L’Europe face à son défi

L’Europe pèse-t-elle encore sur la situation ? Oui, en ce sens qu’elle fournit des armes – qu’elle achète aux Américains, selon le deal conclu entre Ursula von der Leyen et Donald Trump : Washington continue de livrer, l’Europe paye. L’Europe paye aussi, et beaucoup, pour maintenir en vie l’État ukrainien – salaires des fonctionnaires et autres dépenses courantes ; un pacte de 90 milliards a été pour partie versé. De fait, la contribution européenne à la résistance ukrainienne est aujourd’hui plus importante que la contribution américaine.

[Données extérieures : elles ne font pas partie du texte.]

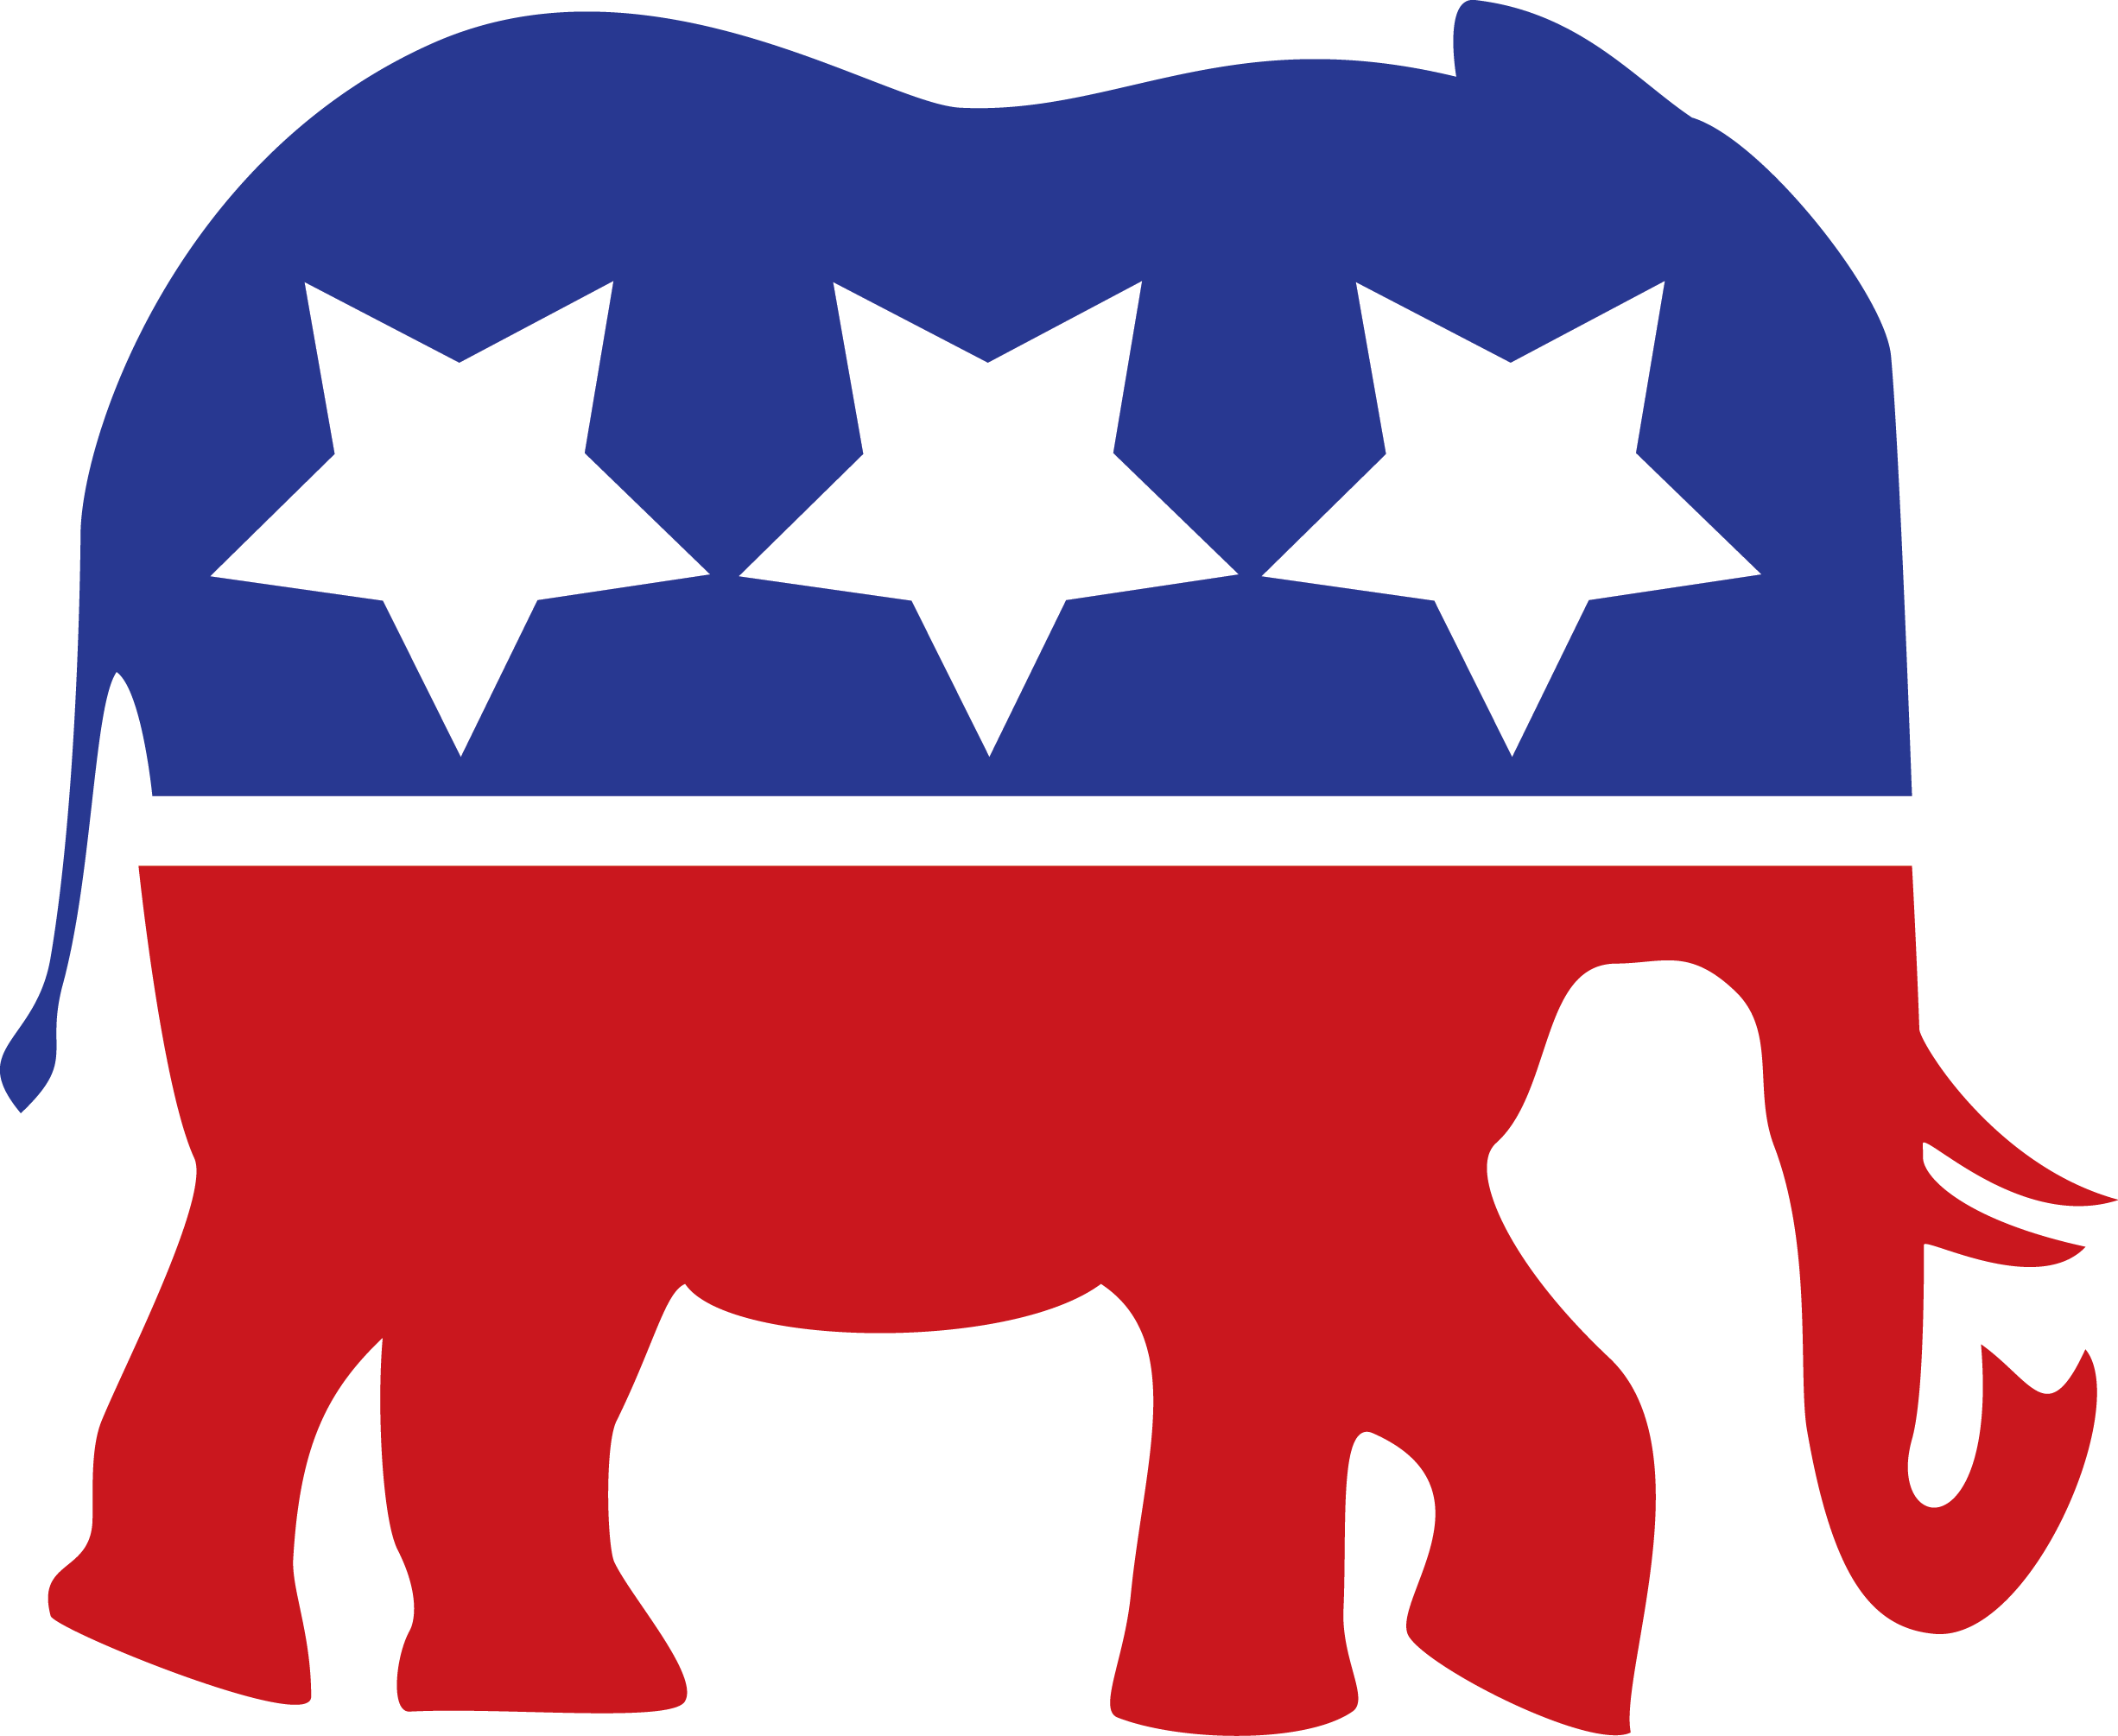 Differences Between Democrats and Republicans - EnkiCharity

Mais c’est bien là le défi : l’Europe doit démontrer qu’elle est capable de faire « aussi bien » que les Américains, c’est-à-dire de permettre à l’Ukraine de continuer à résister. Or les paramètres ne sont pas bons. À la lutte anticorruption et à la situation du front s’ajoutent les frappes russes, qui rencontrent de moins en moins de résistance faute d’intercepteurs : l’Ukraine manque de missiles Patriot, elle ne peut plus se protéger davantage, et les Russes continuent, nuit après nuit, de pilonner le pays dans la profondeur.

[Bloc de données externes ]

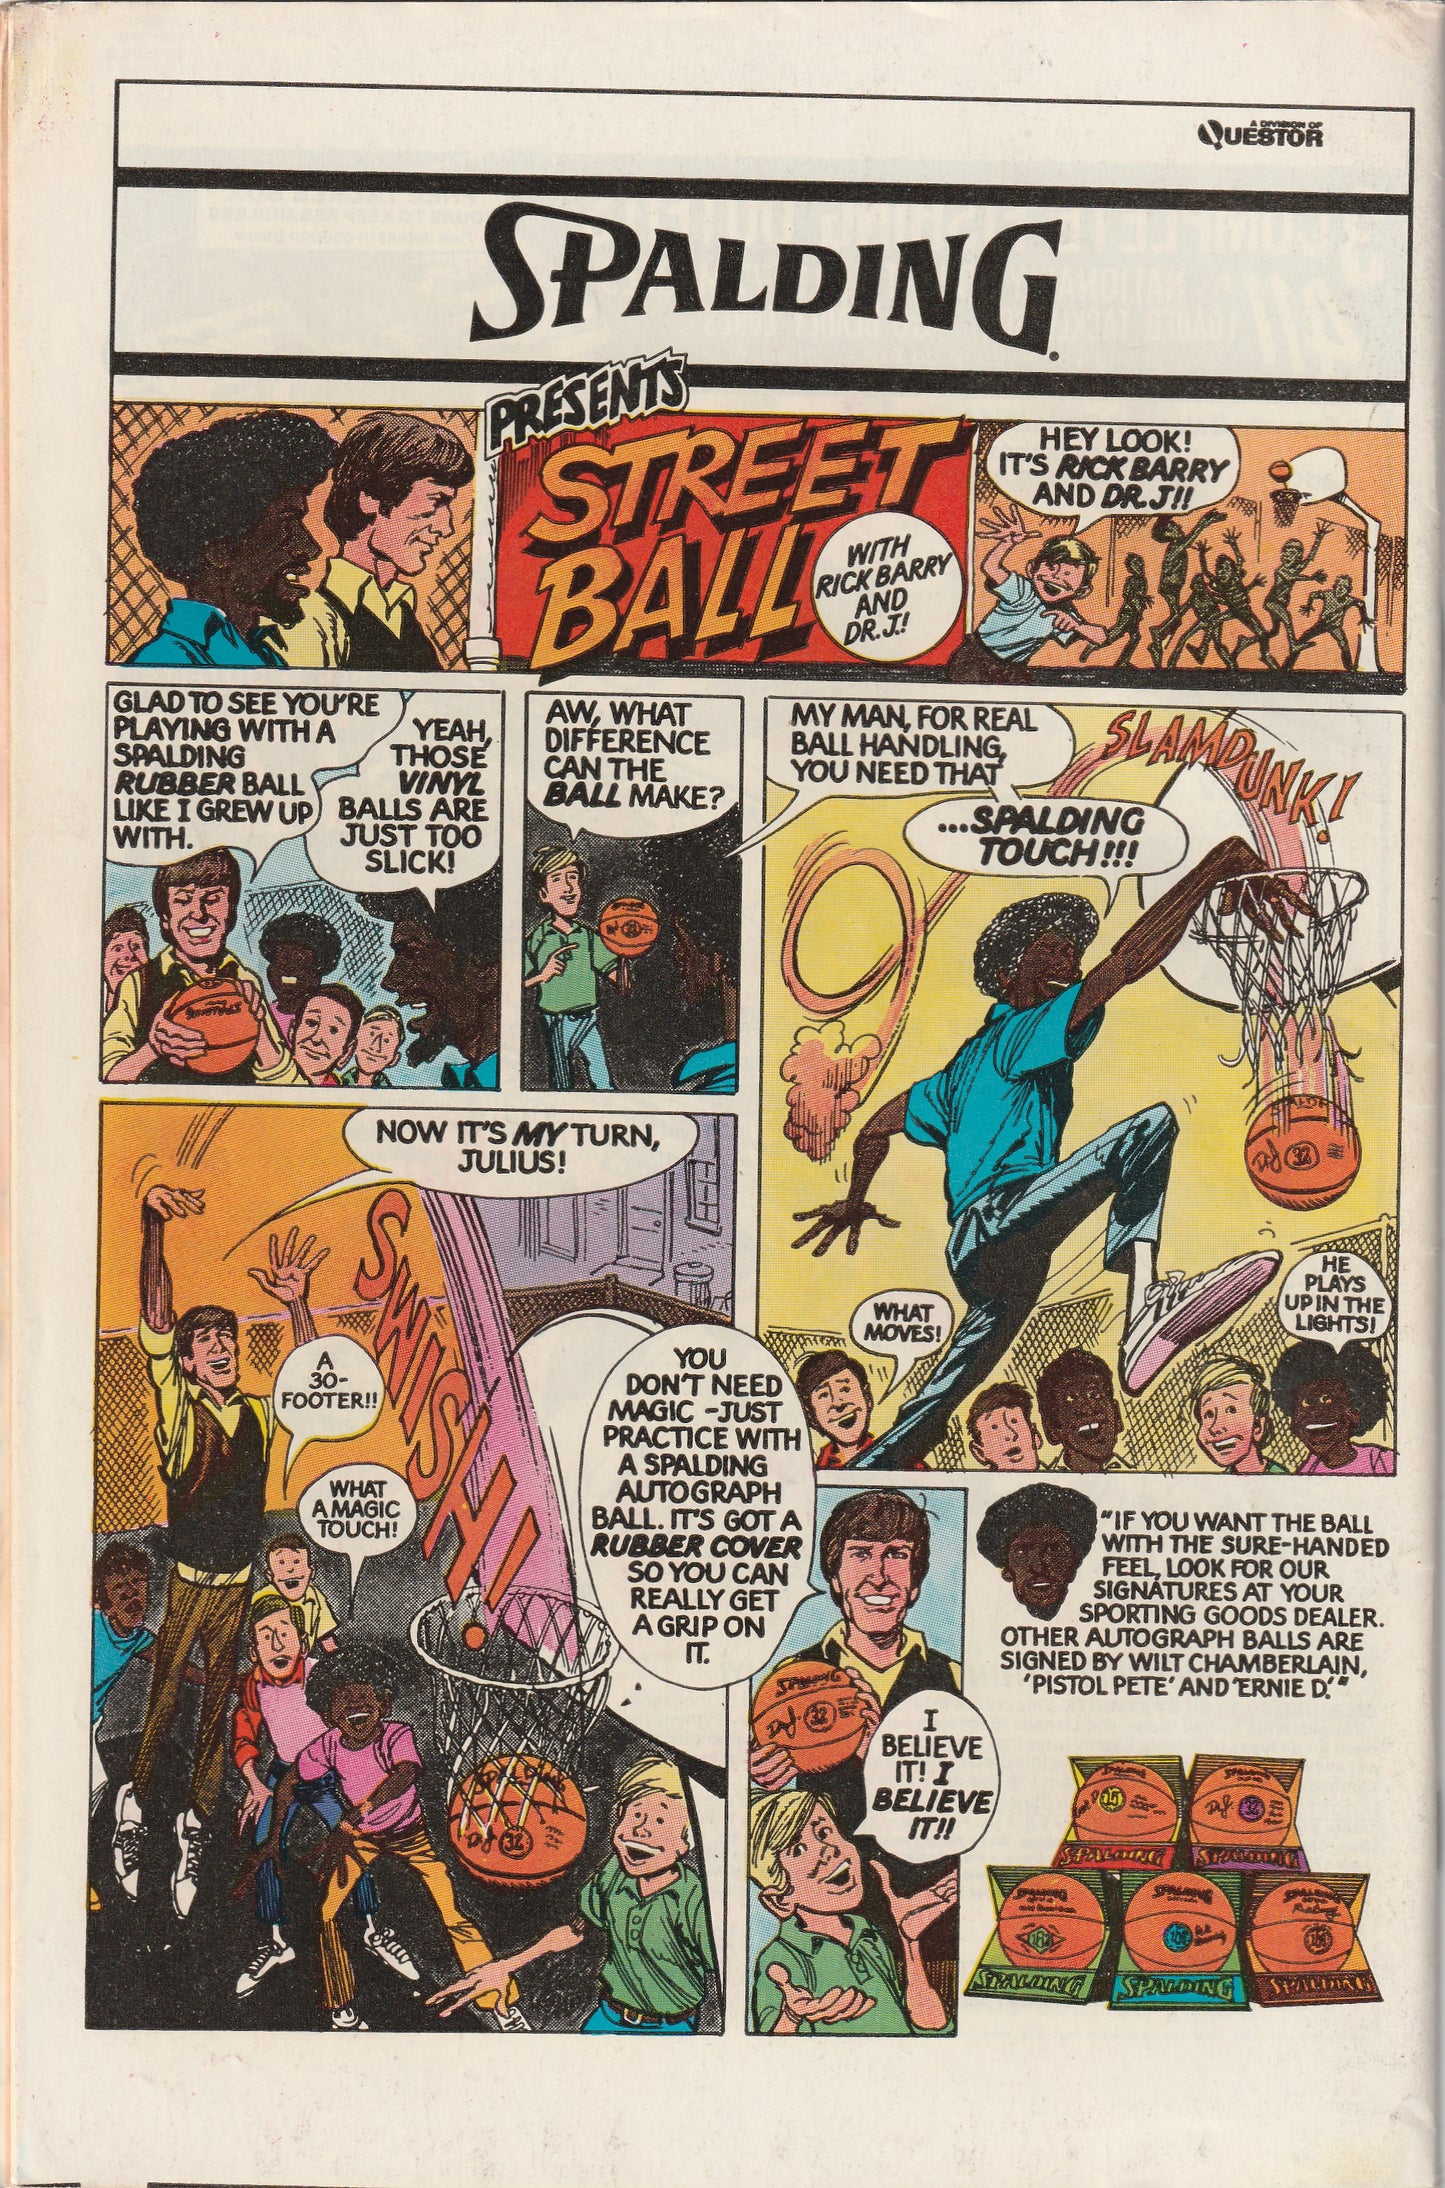 Amazing Spider-Man #171 (1977) - Nova Appearance

Ajoutons enfin l’état des ports de la mer Noire, où l’Ukraine se trouve dans une situation catastrophique : elle peine à acheminer son blé, alors qu’elle compte parmi les premiers producteurs de céréales au monde. Si ces céréales ne peuvent plus transiter par la mer Noire, c’est un problème majeur. Des solutions alternatives sont à l’étude – par le rail, via la Pologne ou les pays baltes – mais elles ne remplacent pas, pour l’heure, ce que permettaient Odessa et les ports voisins. La Russie a décidé de pilonner systématiquement les installations portuaires et les navires qui y accostent. L’Ukraine, de son côté, frappe les infrastructures économiques et énergétiques russes, avec un certain succès d’ailleurs. Mais on passe trop souvent sous silence cette question des ports ukrainiens, qui est pourtant catastrophique.

Le bilan

Si l’on fait le bilan de tout cela, la situation n’a rien de réjouissant – et elle ne ressemble certainement pas à ce qu’on a pu entendre ces dernières semaines. L’Ukraine résiste, certes. Mais elle n’est pas en position d’inverser le sort des armes. Le dire serait faux, et on le lit malheureusement trop souvent dans la presse française. Chez Omerta, nous faisons partie de ceux qui regardent les choses honnêtement et qui essayent de les expliquer. Et là, il y avait un correctif à apporter.